The above analysis shows that each Rx5day EOT pattern is related to anomalies in the position and intensity of the monsoon front. Volonté et al. (2021) showed that anomalies of the monsoon front are controlled by large-scale circulations such as the El Niño Southern Oscillation (ENSO), WNPSH and subtropical westerly jet. We will further study how these large-scale systems affect each Rx5day pattern via changing the position and intensity of the monsoon front.

3.3 Moisture budget

To explore the moisture budget for Rx5day events, we calculated the vertical integrated moisture transport convergence (\(MC\)) using daily data. We defined \(\delta MC\) as the anomalous MC from its 5-day climatology. Following Tian et al. 2019, \(\delta MC\) can be decomposed into anomalies of the dynamic component (δDY), the thermodynamic component (δTH), and the covariance between anomalous of humidity and winds (δQT):

$$\delta MC = \delta DY + \delta TH + \delta QT$$
(1)

Here the anomalies related to 5-day climatology in summer are represented by \(\delta\), the dynamic component represented by \(\delta DY\) involves only changes in circulation. The thermodynamic contribution represented by \(\delta TH\) involves only changes in specific humidity.

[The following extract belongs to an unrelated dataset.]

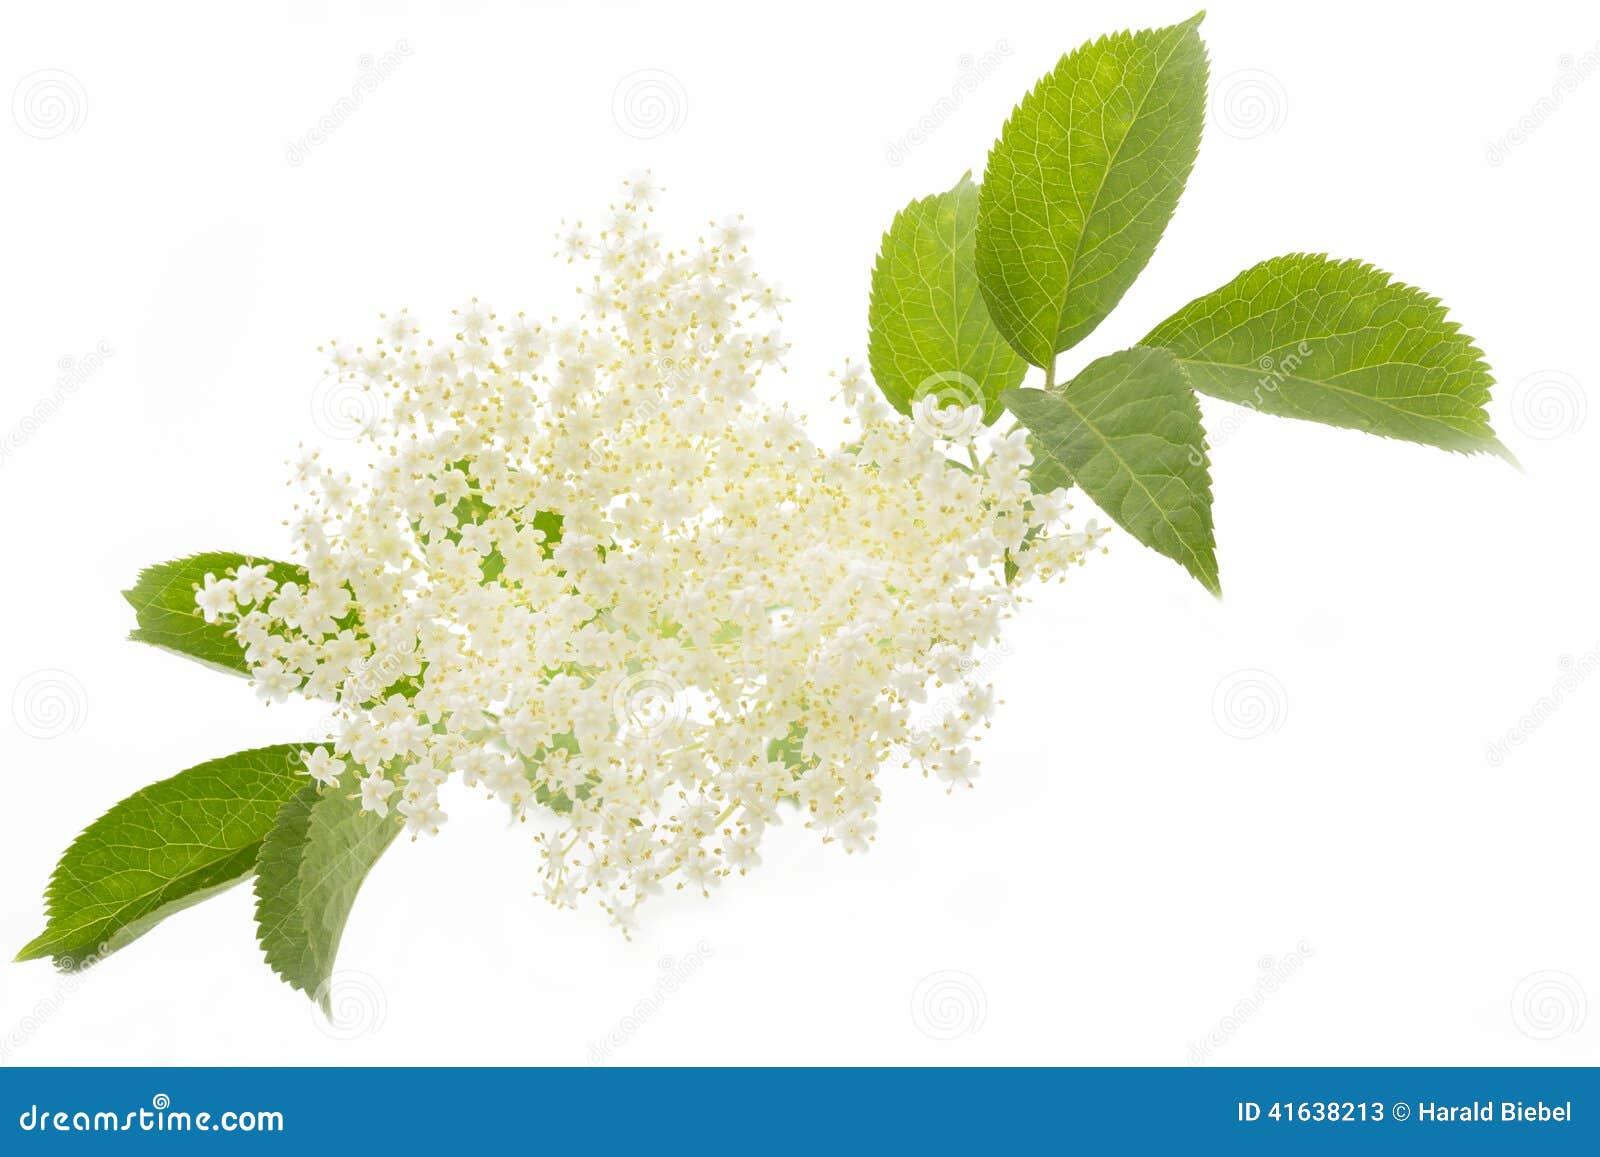 elderflower on white background

Then we composited the \(\delta MC\) on the pentad when the base point of each EOT reaches its Rx5day. As shown in Fig. 5a–d, the spatial patterns and magnitudes of the composited MC are similar to those of the composited Rx5day in Fig. 3. This indicates that the four leading Rx5day EOTs are all dominated by the increased moisture transport convergence. For EOT1 and EOT4, the increased MC (Fig. 5a, d) comes mainly from the anomalous circulation (\(\delta\) DY, Fig. 5e, h). Anomalies in specific humidity (thermodynamic component, \(\delta\) TH) play an opposing role or a very weak role in the increased Rx5day (Fig. 5i, l). For EOT 2 and EOT 3, the increased MC (Fig. 5b, c) comes from both DY (Fig. 5f, g) and TH (Fig. 5j, k), but the increase in DY is much larger than that in TH.

Fig. 5
figure 5

Spatial patterns of anomalous 5-day total moisture transport convergence (MC, ad, mm), it’s dynamic component (DY, eh, mm) and its thermodynamic component (TH, il, mm) based on the date of Rx5day at each EOT base point (pink asterisk). Cross hatches indicate anomalies statistically significant at the 5% level using a two-tailed Student’s t-test. Red lines indicate anomalies of composited 5-day mean meridional gradient of 850 hPa equivalent potential temperature (4 × 10–6 K m−1)

As shown in Figs. 4a and 5a, the anomalous monsoon front associated with EOT1 is very weak. In EOT 2–4 (Figs. 4b–d,  5b–d), the anomalous monsoon front is zonally oriented and is consistent with the positive MC anomalies. Since most moisture transport is from the south, the positive DY components are mainly located to the south of the monsoon front, and the TH components are located along the monsoon front.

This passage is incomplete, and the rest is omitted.